▸ **TASK DIRECTIONS**
Using the records below, write out again exactly the lines that begin at the line containing "hoher new casablanca" and end at the line containing "Балерина Анна танцуета", and no other lines.

▸ **PROVIDED RECORDS**

--*--

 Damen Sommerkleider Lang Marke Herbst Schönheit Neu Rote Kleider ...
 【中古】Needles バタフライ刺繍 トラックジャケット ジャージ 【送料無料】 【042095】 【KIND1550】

--*--

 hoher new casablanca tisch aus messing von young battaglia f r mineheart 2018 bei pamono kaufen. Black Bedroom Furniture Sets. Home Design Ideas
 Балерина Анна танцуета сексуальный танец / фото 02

--*--

▸ **EXPECTED ANSWER**
 hoher new casablanca tisch aus messing von young battaglia f r mineheart 2018 bei pamono kaufen. Black Bedroom Furniture Sets. Home Design Ideas
 Балерина Анна танцуета сексуальный танец / фото 02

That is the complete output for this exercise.